The James Browning U.S. Court of Appeals Building in San Francisco (Photo by Wikimedia Commons | CC-BY-SA 4.0).
A three-judge federal appeals panel said that a law passed by Republicans in the Legislature to eliminate double-voting, something already illegal, violates the U.S. Constitution, siding with a federal judge in Montana who stopped the law.
House Bill 892 mandated that voters who remain registered in a different place show proof that they’ve removed themselves from their previous location or face criminal penalties. However, federal Montana District Court Judge Brian M. Morris said found the law was overly vague, could chill constitutionally protected activities like exercising the right to vote, and finally, was already on the books as illegal in Montana.
Since 1995, Montana has had a provision that outlaws double voting. Republicans who rallied around HB 892 said it was an additional necessary step to ensure the integrity of voting in Montana. They pointed out that there were a suspected 14 cases of double voting in Montana during the 2020 general election, according to court documents.
However, Morris said that HB 892 was overly broad and vague, leading to residents not being able to understand the law clearly, and risking criminal penalties if they didn’t comply.
The groups which challenged the law included Montana Public Interest Research Group and the Montana Federation of Public Employees, both which have activities centering on getting residents registered to vote.
A host of groups had appealed Morris’ decision to the Ninth Circuit. Those included Montana Secretary of State Christi Jacobsen, Montana Attorney General Austin Knudsen, Commissioner of Political Practices Chris Gallus, the Republican National Committee and the Montana Republican Party.
A spokesperson for Secretary of State said the law was a logical approach to protect voting security.

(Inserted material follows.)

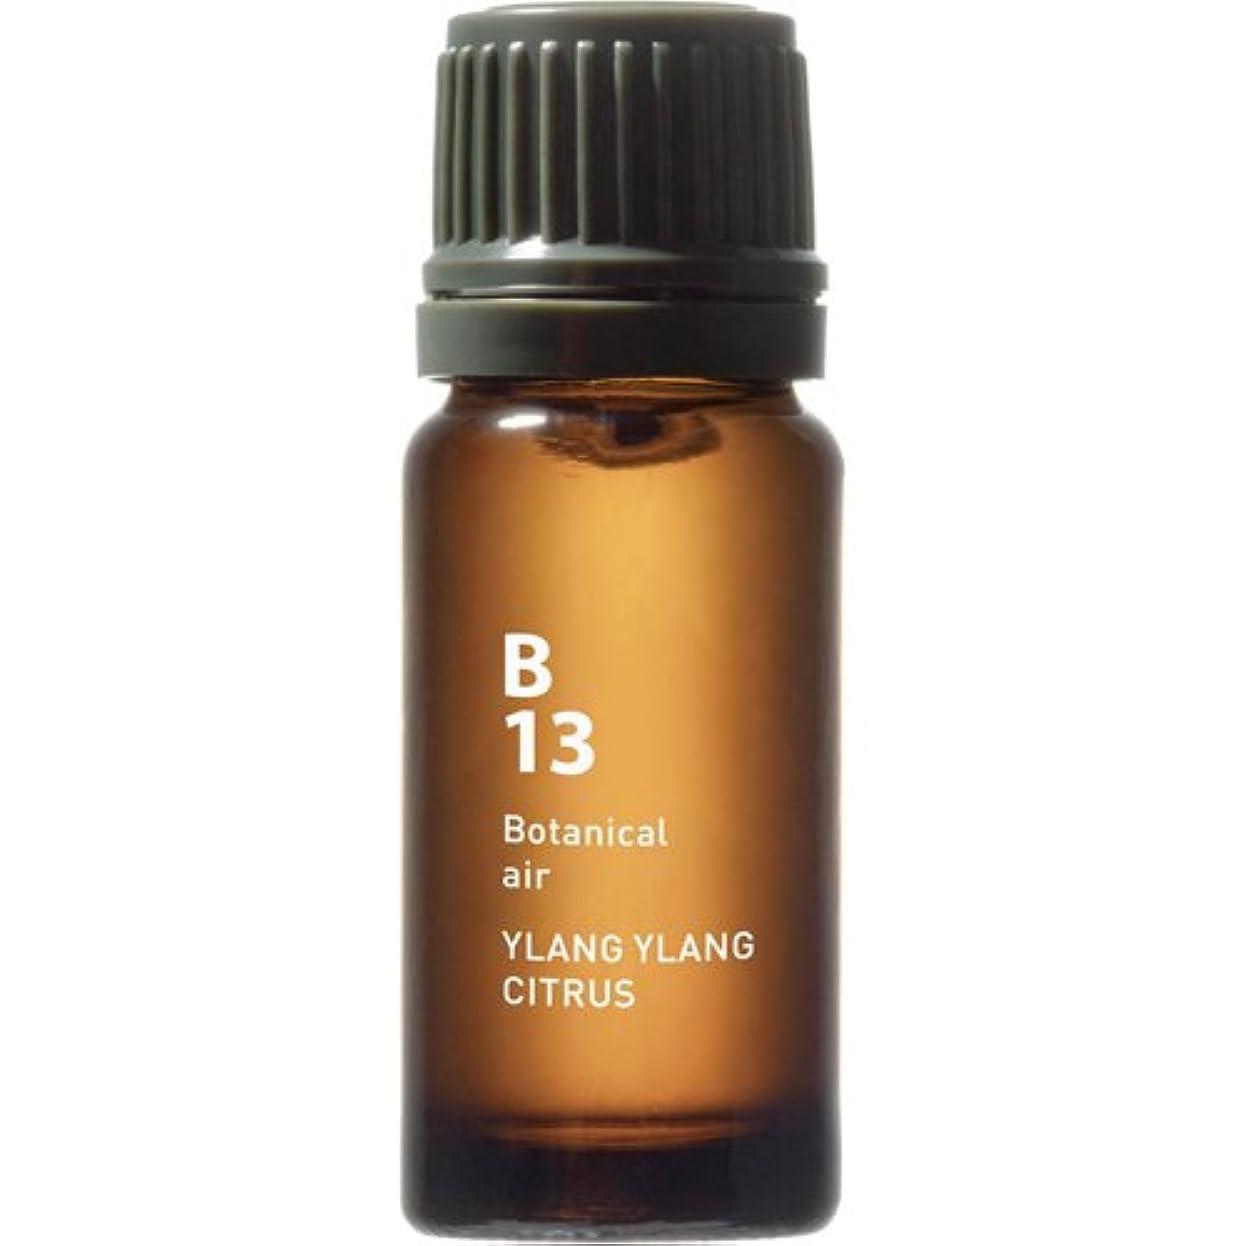 同一の迷彩楕円形B13 イランイランシトラス Botanical air(ボタニカルエアー) 10ml

“Montanans know this was a bipartisan bill that protected against a bipartisan concern. Halting it was the wrong decision. As we stated before, it’s ridiculous that activists cry foul when the state makes existing practice a law,” the spokesperson said. “It’s not surprising that the appeals court in San Francisco would ultimately side with arguments stemming from lawsuits from coastal lawyers seeking partisan gain.”
The three-judge panel affirmed Morris’ ruling, and criticized attorneys for the state and Republicans for raising arguments that were never considered by Morris. For example, the defendants tried to argue during the hearing before the Ninth Circuit that the First Amendment of the U.S. Constitution, which protects most political activity, did not cover the right to register to double vote.

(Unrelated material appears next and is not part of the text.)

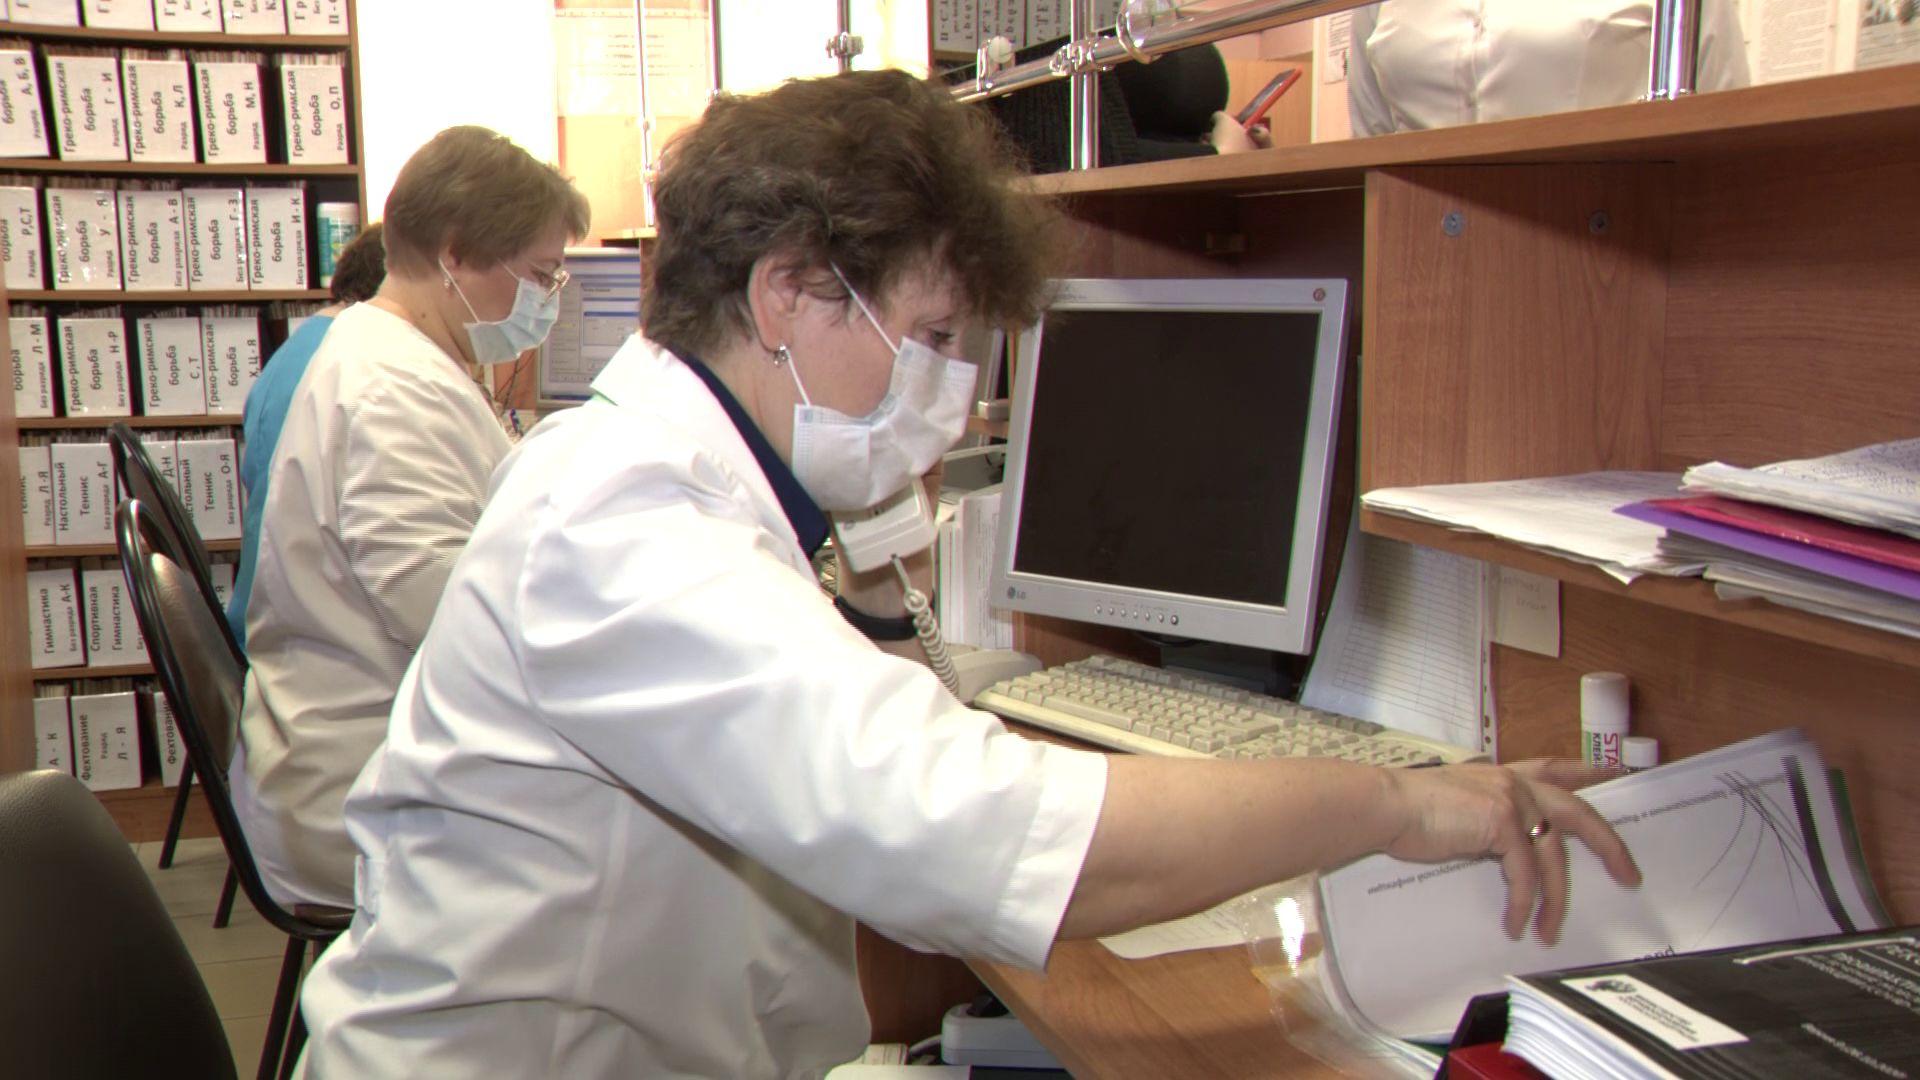 В регионе горячая линия по вопросам коронавируса приняла свыше 12 тысяч звонков

“We decline to consider this argument,” the panel said. “Defendants failed to raise it in the court below and have therefore forfeited the issue.”

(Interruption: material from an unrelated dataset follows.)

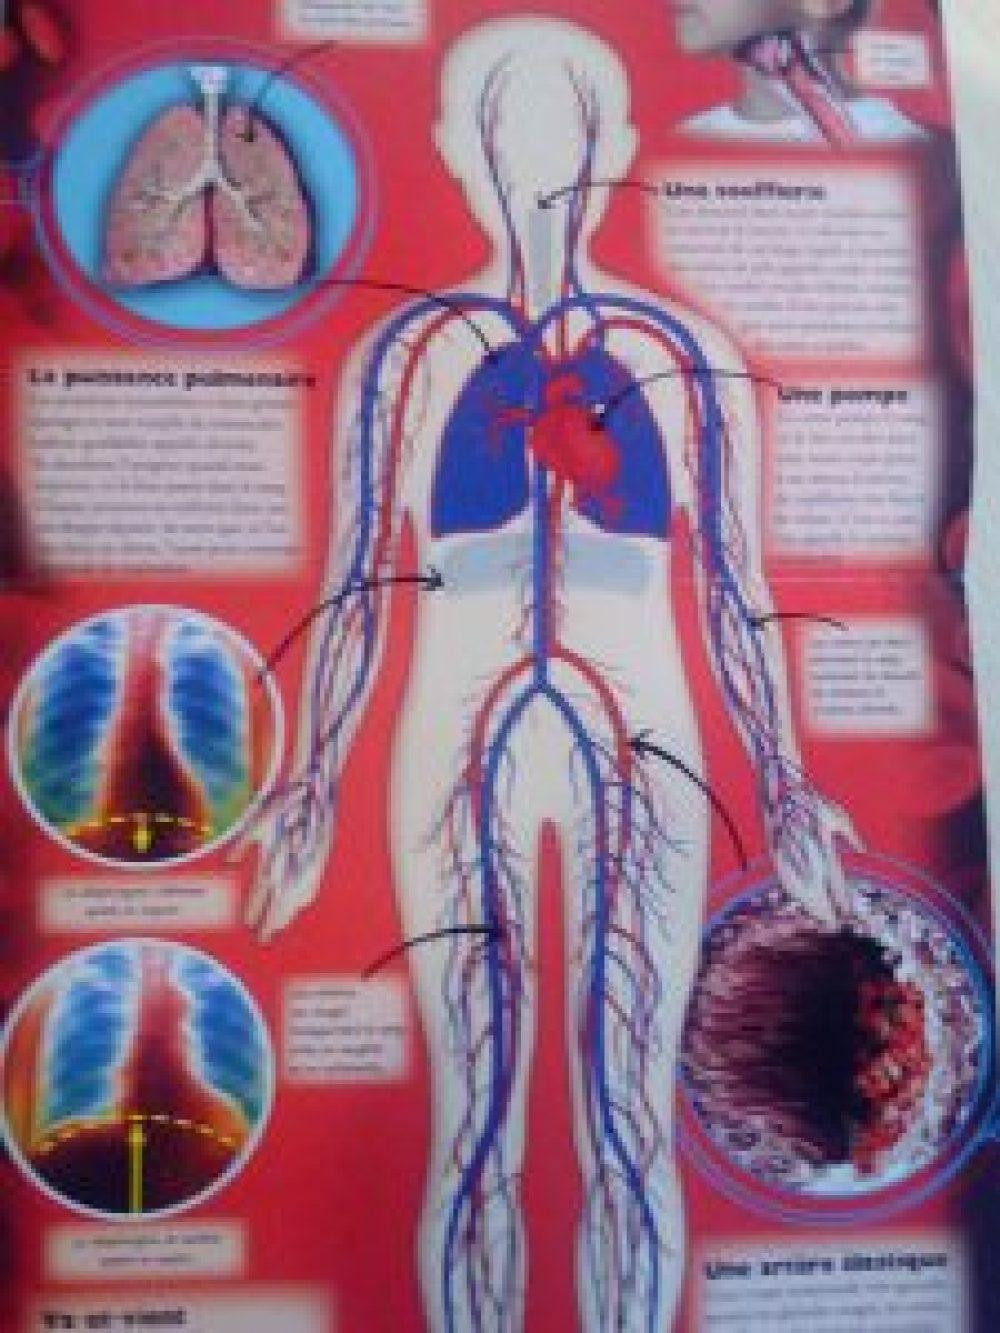 livre scientifique pour enfant

House Bill 892 would have proposed criminal penalties on anyone found guilty of double voting, including as many as 18 months in prison and $5,000 in fines.
During the hearing before Morris, attorneys for MontPIRG and MFPE had said some college students or other transient populations may not know where they were registered, or have moved multiple times.
“Because HB 892 would discourage individuals from registering to vote in Montana by threatening criminal penalties for doing so, HB 892 carries the risk of irreparable harm to plaintiffs,” the ruling said. “However, as stated, HB 892 does not change Montana’s voter registration practices. Rather, it relies on criminal penalties and deterrence for its enforcement. And double voting is already a crime. These facts undermine defendants’ argument that enjoying the statute will compromise the integrity of elections.”